Please help me analyze and structure this deal!

I am analyzing a deal that needs significant rehabbing. I have a potential private lender that may be willing to help me acquire the property. I’ve mentioned to him in the past that I am interested in real estate investing and he may be willing to help me. I am not sure (due to lack of experience) how to propose a fair offer and want to make sure this is a good opportunity.

The building in consideration is a 6 family each 2-bedrooms renting at $750 each (currently 4 are rented, 2 vacant). I know the area fairly well, it’s a good neighborhood and this building is clearly the sore thumb which I’m sure the neighbors dislike. I think that once renovated, the rents could go up to $900 a month (the average in the area for a 2 bedroom goes for $850-$1000).

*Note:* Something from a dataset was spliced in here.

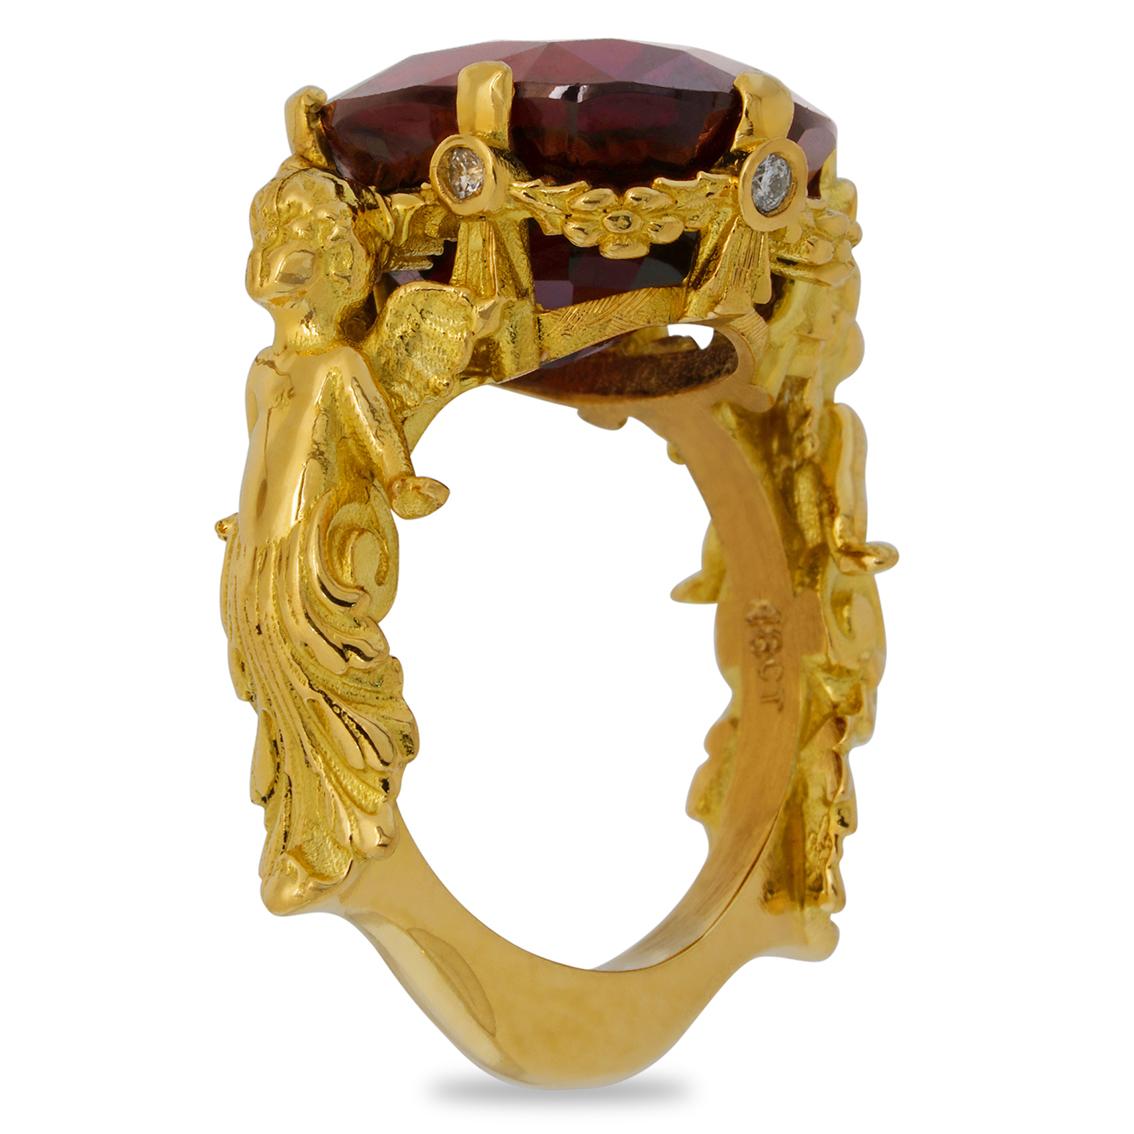 Renaissance Amorini Ring in 18 Karat Yellow Gold with Garnet and White Diamonds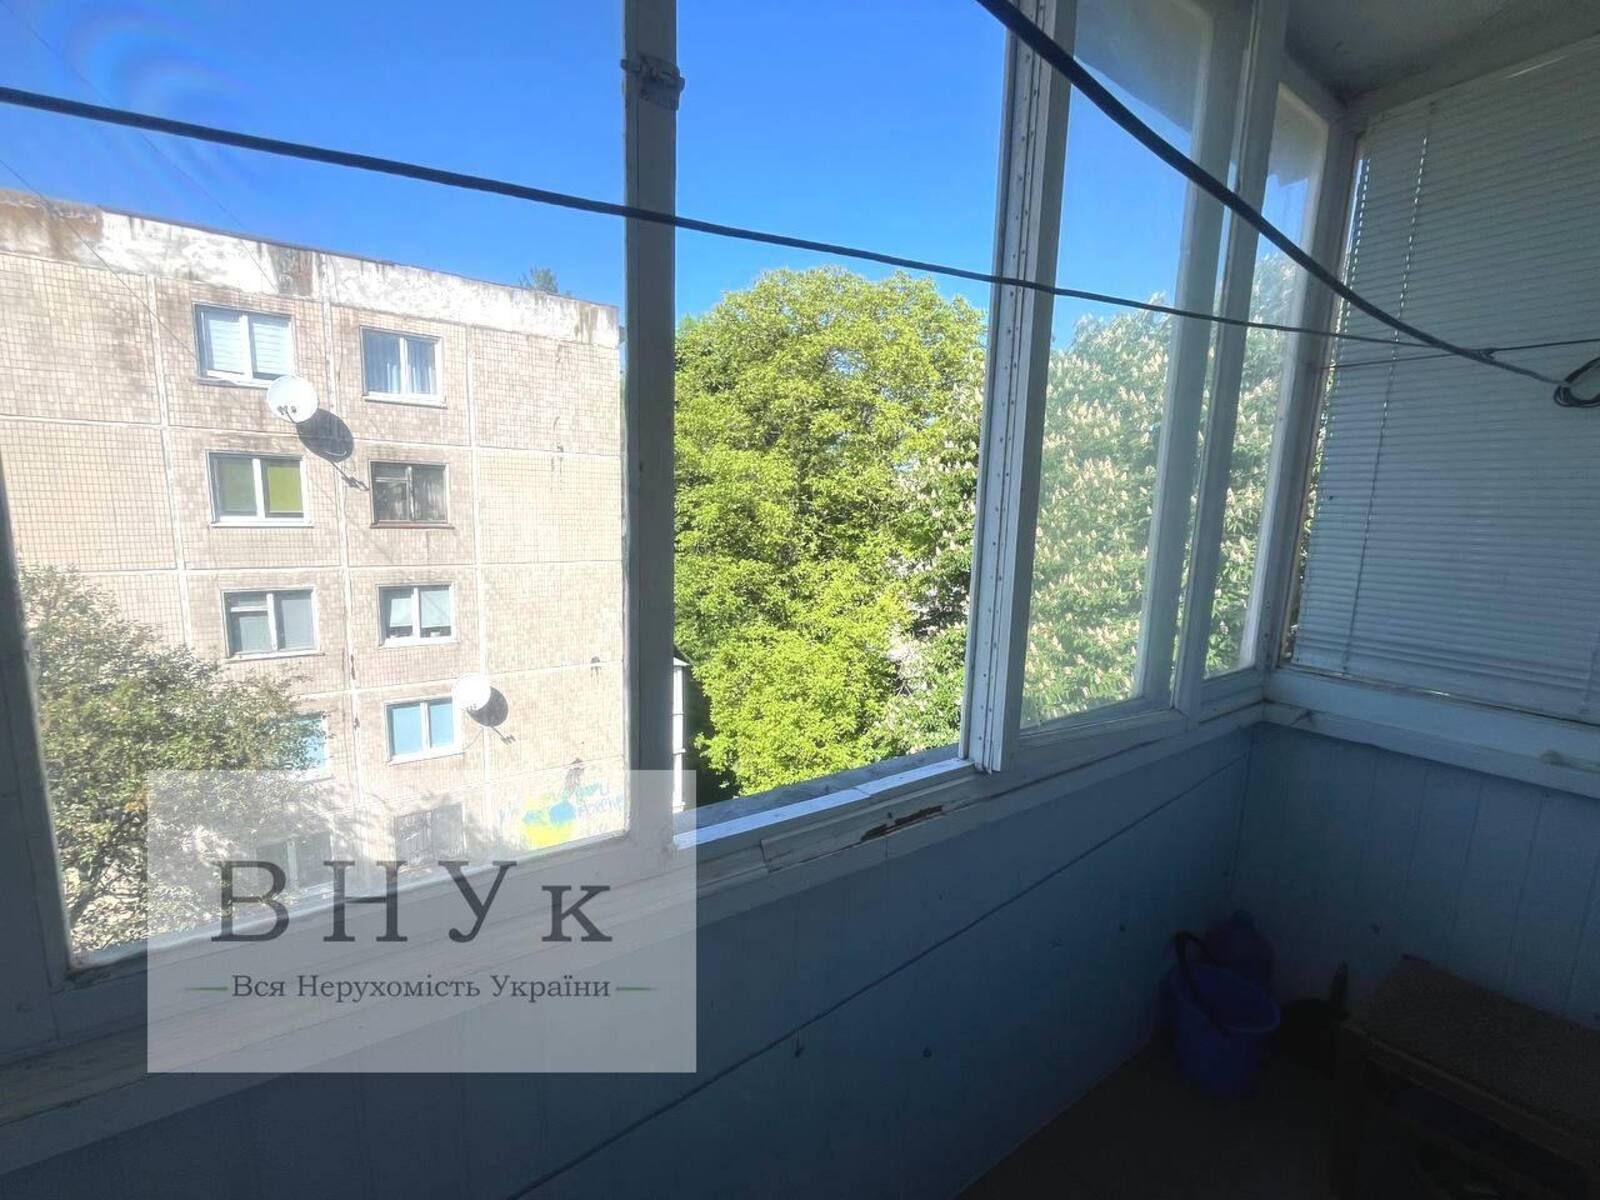 Продам 3-х кімнатну квартиру у мальовничому куточку Тернополя

I believe it needs $125K in repair and maintenance to bring up-to-date. I will have a GC visit property with me next time I go visit it but I would like to make the property solid for 5-10 years. It appears to need new roof, windows, furnaces, deleaded, landscaping, and better parking design. I think I would need to obtain the property for $175-200K to make the numbers work.

How would you structure this deal? Let’s assume I am able to obtain the property for $200K + plus renovate it for $100K. I would be into it for $300K.

Would you ask the private lender to finance the entire $300K and then refinance with a bank to get out of it once the rehab is done and share some of the new equity during the refinance?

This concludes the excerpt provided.